Fernão Dias, o domador dos indios Goianás, proprietario opulento e chefe de uma grande familia em S. Paulo, sabendo que ficara incompleta aquella missão, que o rei lhe havia tanto recommendado, resolveu a offerecer seus serviços ao governo, em 1672, para continuar as pesquizas pelo sertão, á sua custa exclusivamente.

Organizou assim uma grande bandeira, da qual fizeram parte, entre outros destemidos sertanistas, os notaveis bandeirantes Mathias Cardoso de Almeida, Garcia Rodrigues Paes e Manoel da Borba Gato, esses ultimos filho e genro de Fernão Dias.

Essa numerosa bandeira, semelhante a um pequeno exercito, poz-se a caminho para o sertão, partindo de S. Paulo a 21 de julho de 1671 e seguindo rumo de sul para o norte, com itinerario diverso das outras que a precederam. Foi verdadeiramente essa a bandeira que abriu communicação permanente entre a porção povoada do Brazil e a parte do territorio nacional que veio a constituir o actual Estado de Minas Geraes, onde habitamos.

A bandeira de Fernão Dias atravessou a serra da Mantiqueira; foi ter ao Rio das Mortes, nas proximidades de Ibituruna, perto da confluencia daquelle com o Rio Grande; seguiu dahi para os lados do Rio Paraopeba ou Parahipipeba como se lê nos documentos paulistas; atravessou esse rio e foi em demanda da Lagoa Santa, fixando-se no Sumidouro, onde Fernão Dias permaneceu perto de quatro annos, até reconstituir sua bandeira, que jà se achava esphacelada e quasi extincta pelas luctas e trabalhos que supportou.
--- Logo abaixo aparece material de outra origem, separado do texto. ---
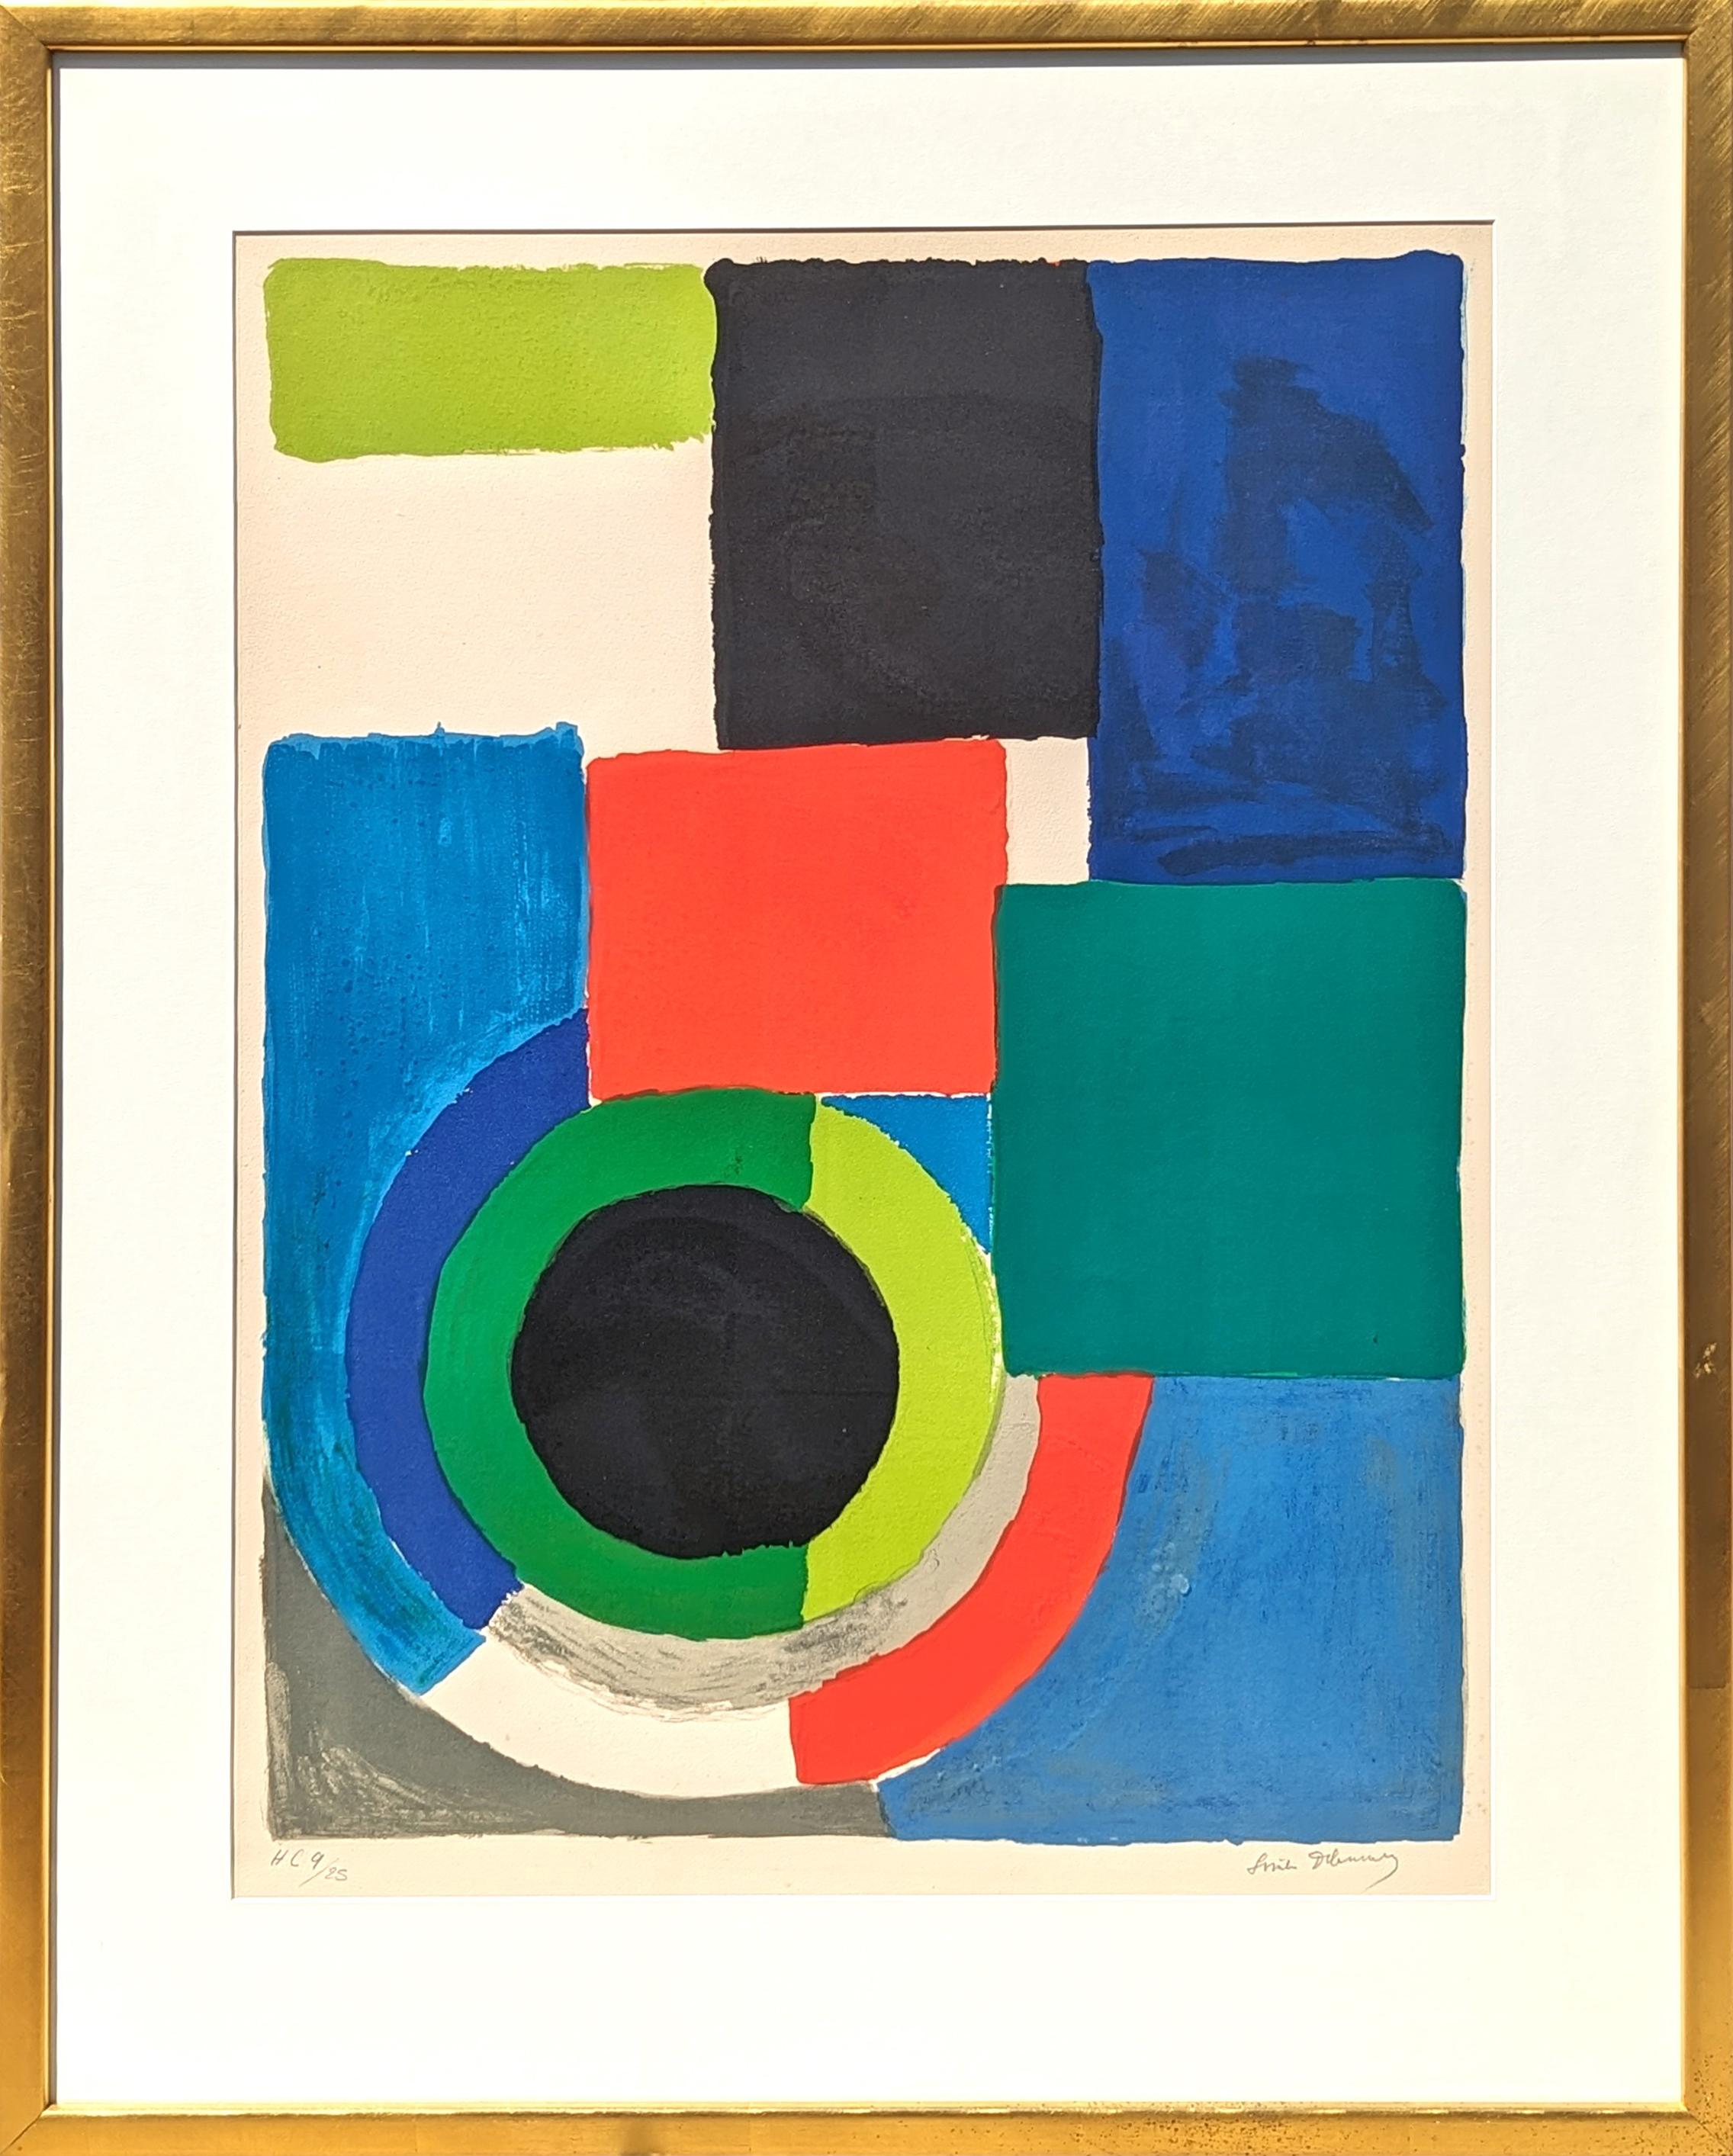 Sonia Delaunay Abstract Print – "Grand Carré Rouge" Moderne Geometrische Abstrakte Orphik Lithographie Edition Modern 9/25

Do Sumidouro seguiu Fernão Dias para o norte; atravessou a serra do Espinhaço, transpoz os rios Itacambira, Jequitinhonha, Arassuahy, Itamarandiba e foi até encontrar os vestigios dos trabalhos de Marcos de Azeredo, o qual suppoz haver encontrado esmeraldas na região banhada pelos rios Jequitinhonha, Arassuahy, Gravatá, Setubal, Lufa, Calhau, Piauhy e Urubú. Depois de sete annos de penosas fadigas, vencendo obstaculos e trabalhos reputados insuperaveis, regressava Fernão Dias victorioso, quando falleceu nas margens, do Rio Guahicuhy ou Rio das Velhas, victima das febres e doenças que trouxera do sertão percorrido.